WORK INSTRUCTION — Below are entries. Give back exactly the lines from the one containing "Chicken thighs and rice on a plate." through the one containing "How to enable", inclusive, without the pictures.

DATASET RECORDS —
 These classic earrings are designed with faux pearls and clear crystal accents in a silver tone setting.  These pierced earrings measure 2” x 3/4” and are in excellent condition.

==

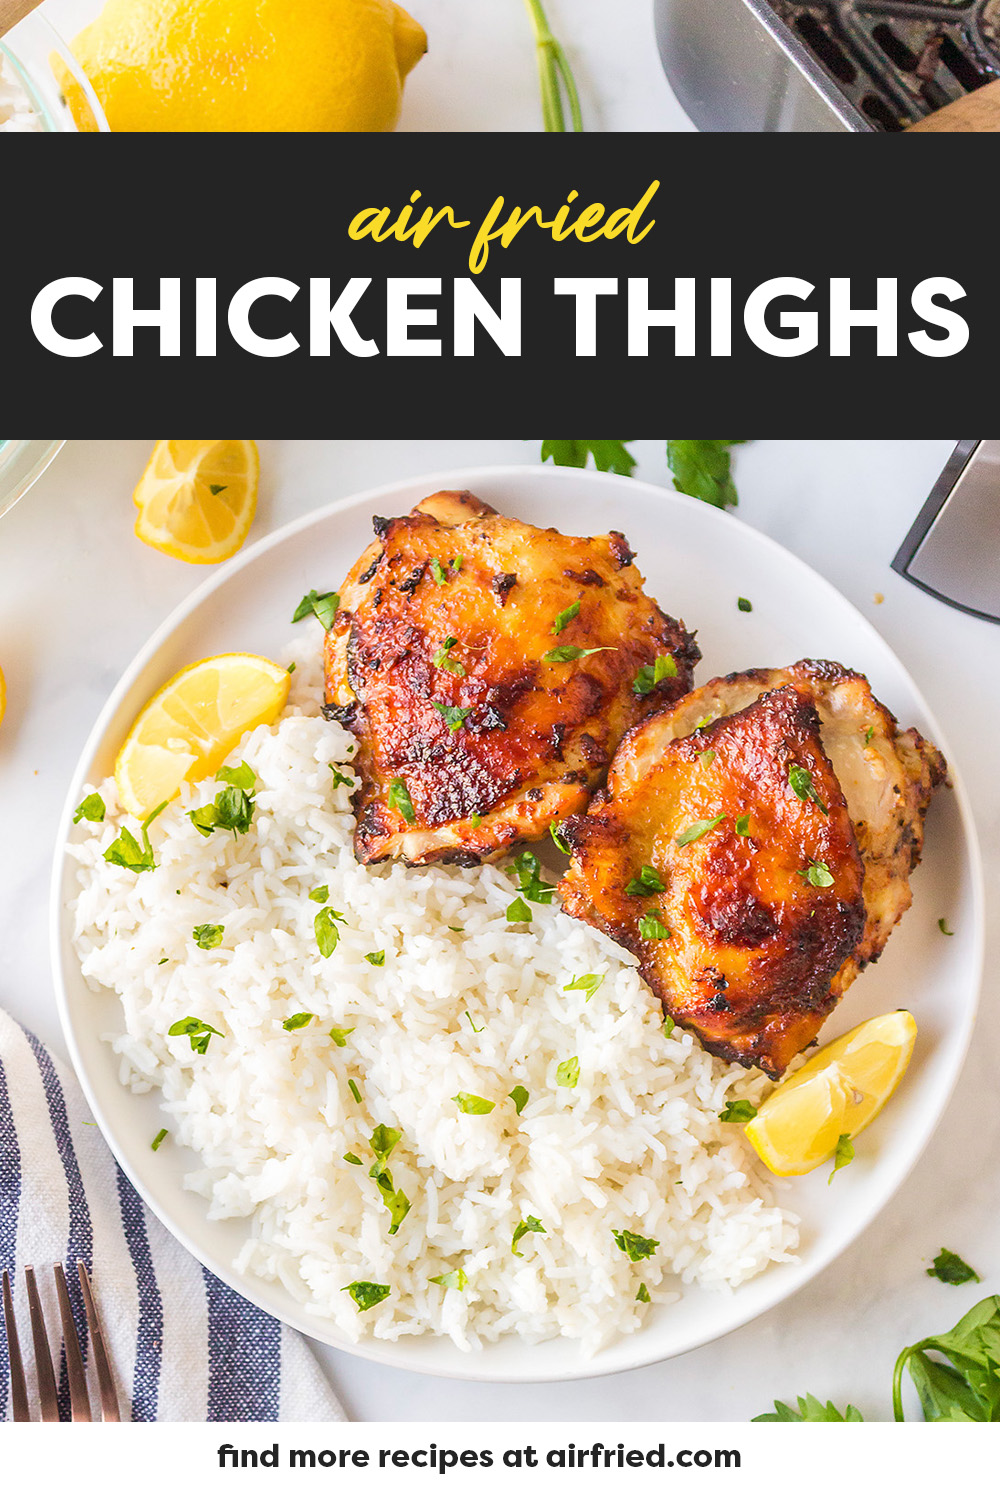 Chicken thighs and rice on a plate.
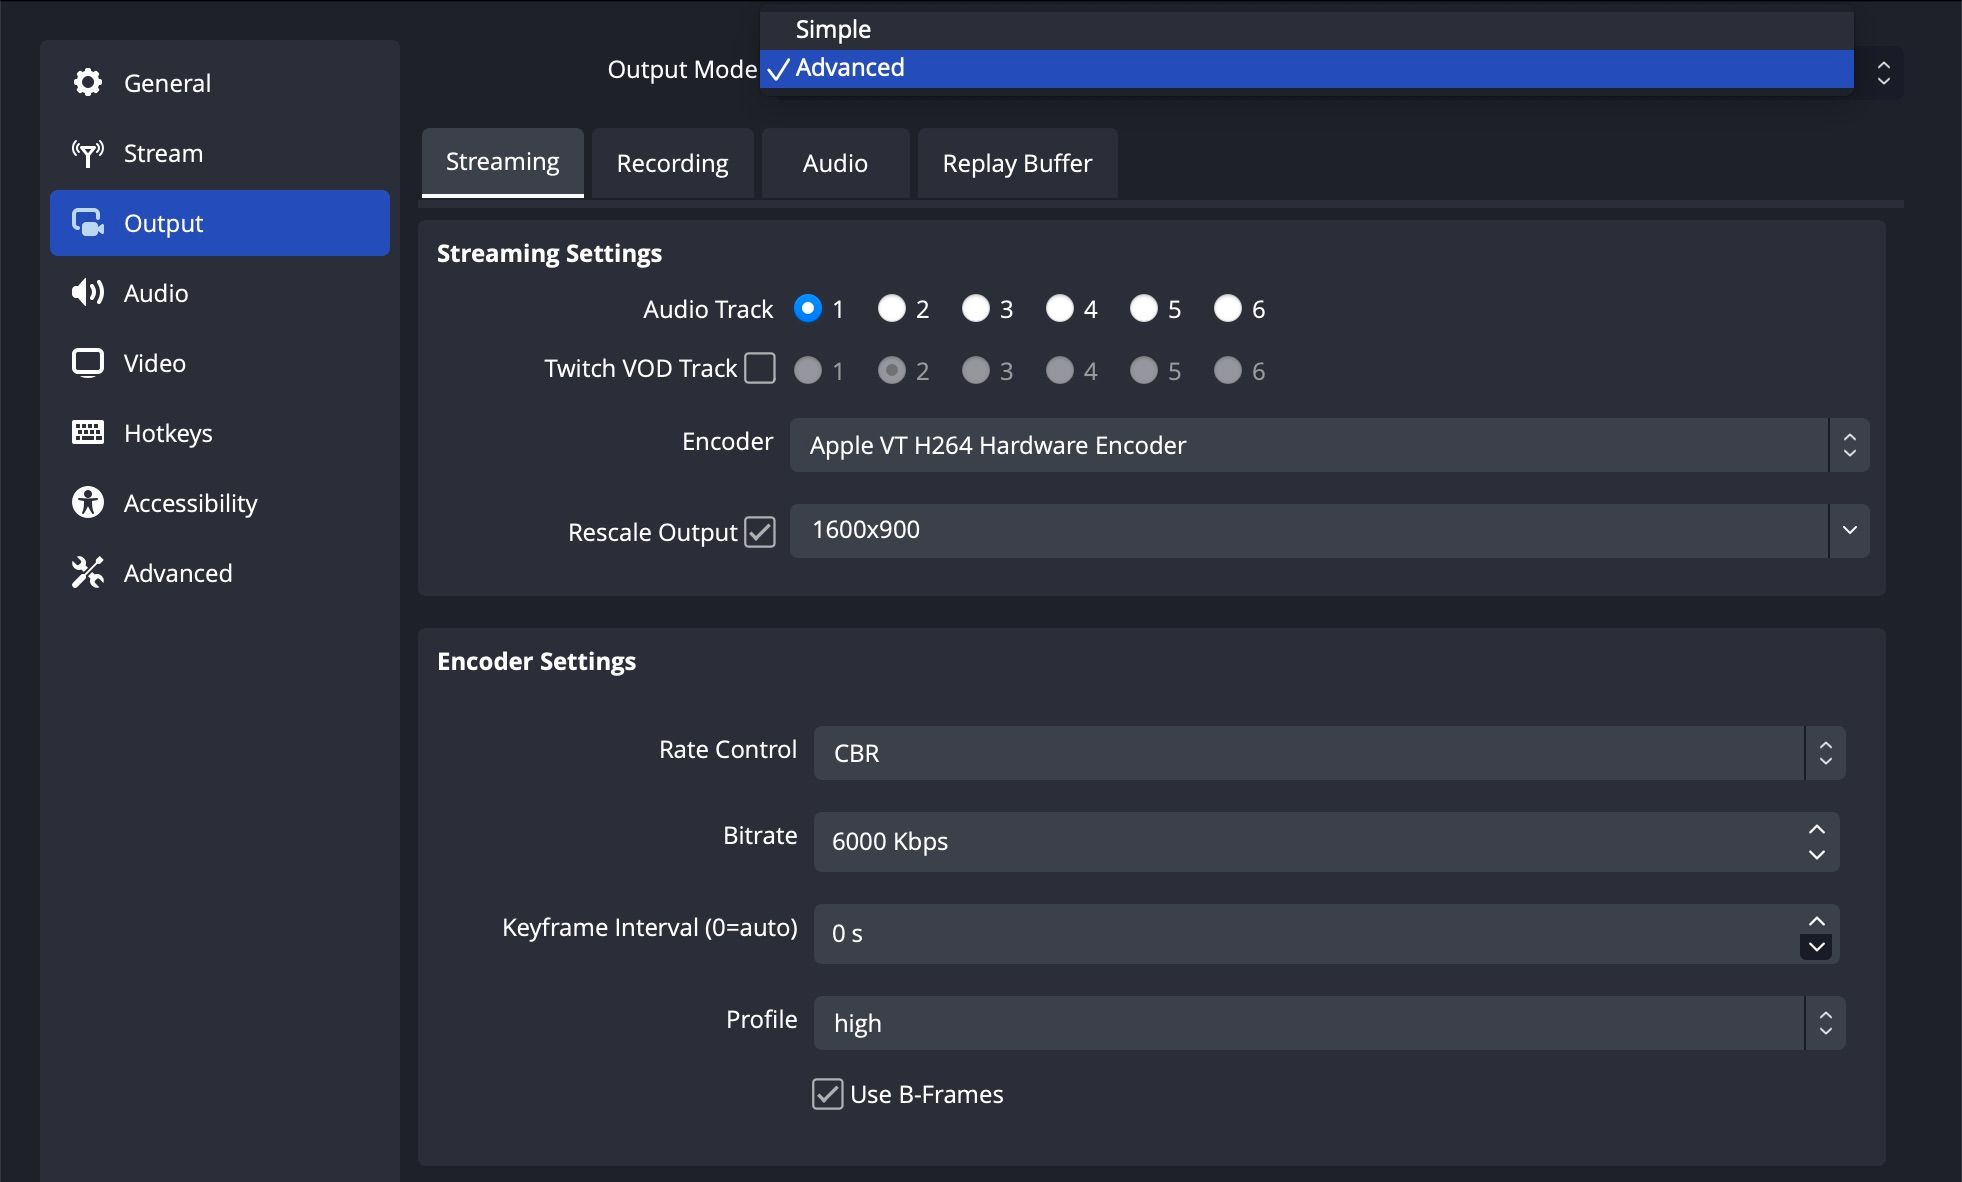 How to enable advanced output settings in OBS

RESPONSE TO THE EXERCISE —
 Chicken thighs and rice on a plate.
 How to enable advanced output settings in OBS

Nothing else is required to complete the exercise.